Normal hepatic venous waveform shows a triphasic pattern. Loss of this pattern in cirrhotics is mainly due to loss of compliance of liver. However, other factors also contribute to this. A recent study by Baik et al.[22] has shown that changes in hepatic venous waveforms are a function of HVPG and reversible with administration of Terlipressin in a small number of patients. In our study, the hepatic venous waveforms did not correlate with the size of varices. However, loss of triphasic pattern in the hepatic venous tracing had a high sensitivity in predicting the presence of large varices. The presence of a normal triphasic pattern in a patient with cirrhosis had a high negative predictive value for the presence of large esophageal varices. Earlier studies by Choi et al.[23] and Shabestari et al.[ had shown that hepatic venous waveforms did not correlate with hepatic venous waveform changes. However, in the recent study by Baik et al.[22] had shown a correlation between HVPG and hepatic venous waveforms. Furthermore, Halpern in his editorial[25] has called for further studies in this direction. We feel that our study also emphasizes the role of Doppler parameter of hepatic venous waveforms in assessing portal pressure and will obviate the need of endoscopy in a group of patients with cirrhosis and portal hypertension.

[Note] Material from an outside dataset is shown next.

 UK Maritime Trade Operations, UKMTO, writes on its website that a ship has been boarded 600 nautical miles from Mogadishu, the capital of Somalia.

Our study was limited by the fact that the sample size was small. However, this was expected because we excluded a sizable portion of our cirrhotics who presented to us with acute variceal hemorrhage as this is known to change the portal pressures. So also a considerable number of patients had to be excluded because they were on propanalol/vasodilators and some had undergone EVL/sclerotherapy. Cirrhotic patients with ascites were included in the study with the contention that ascites is not known to change the hepatic venous waveform or the size of varix although it may impair the diagnostic accuracy of the test, as hepatic decompensation along with variceal size is considered a risk factor for variceal hemorrhage.

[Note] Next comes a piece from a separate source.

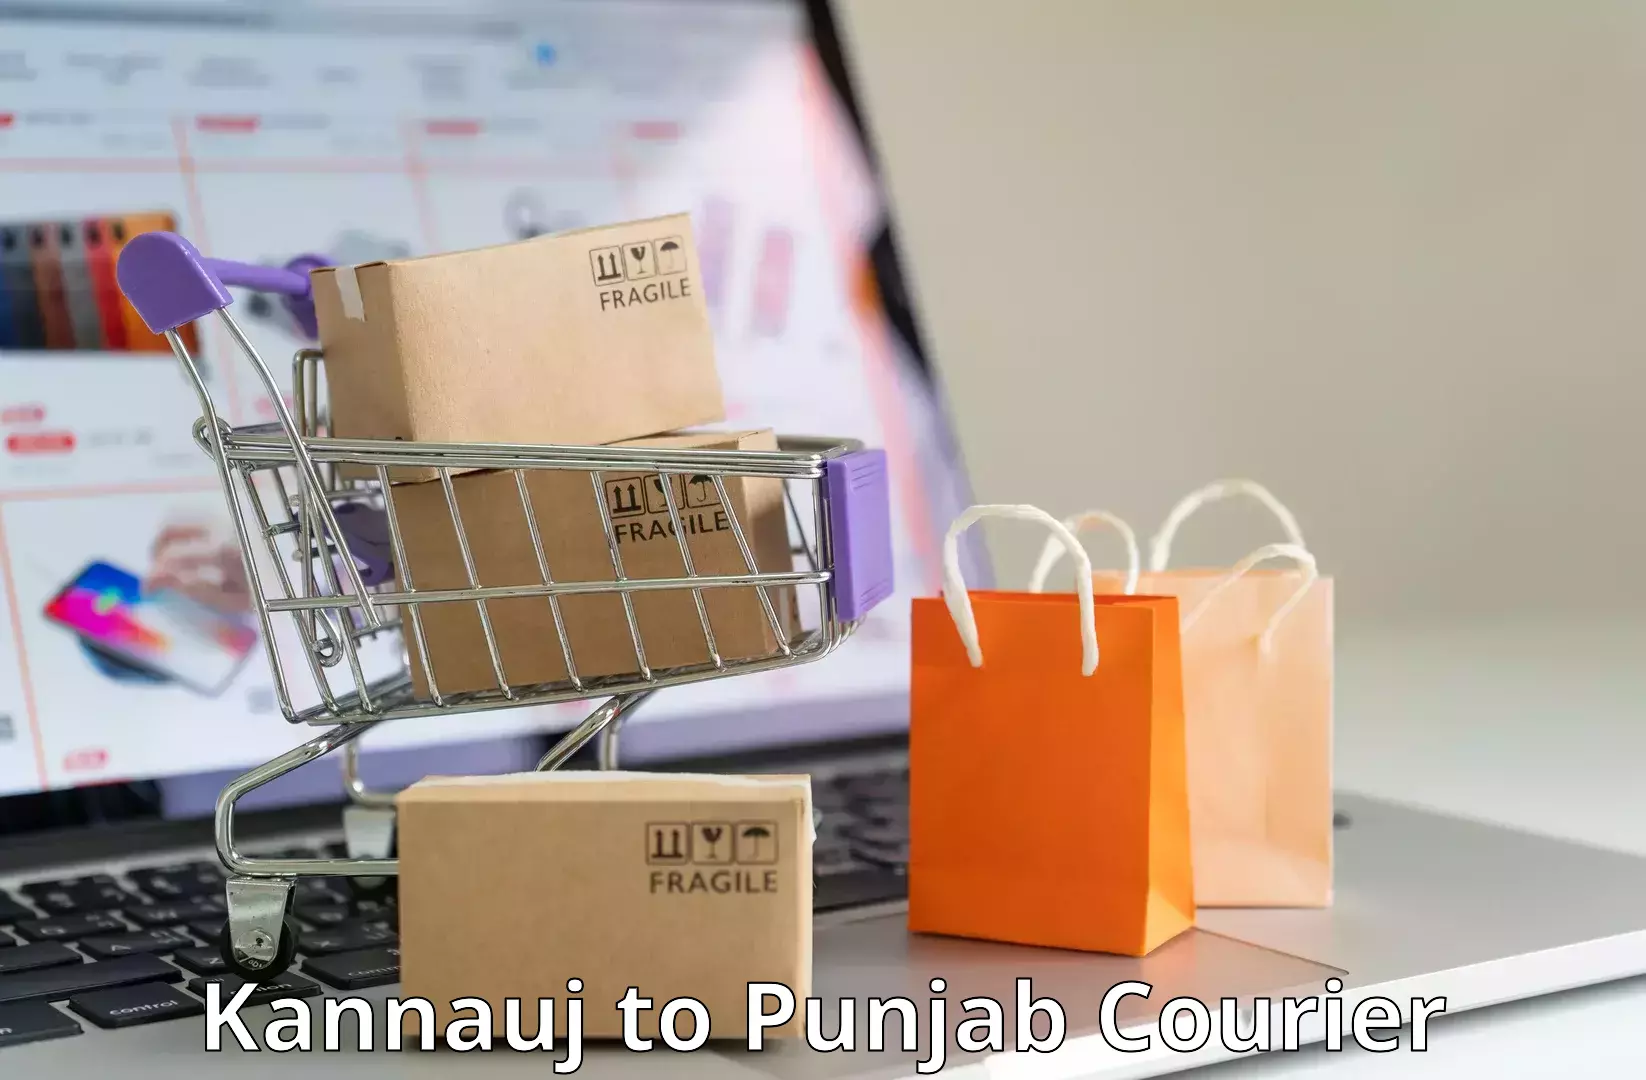 Courier tracking online Kannauj to Amritsar

In conclusion, the loss of the normal triphasic pattern of hepatic venous waveform is highly sensitive in predicting the presence of large varices in cirrhotic patients and this Doppler parameter may be used as a non-invasive test for cirrhotic patients who wish to avoid upper GI endoscopy. Further studies using a combination of various Doppler parameters are needed to create indices with a better predictive value.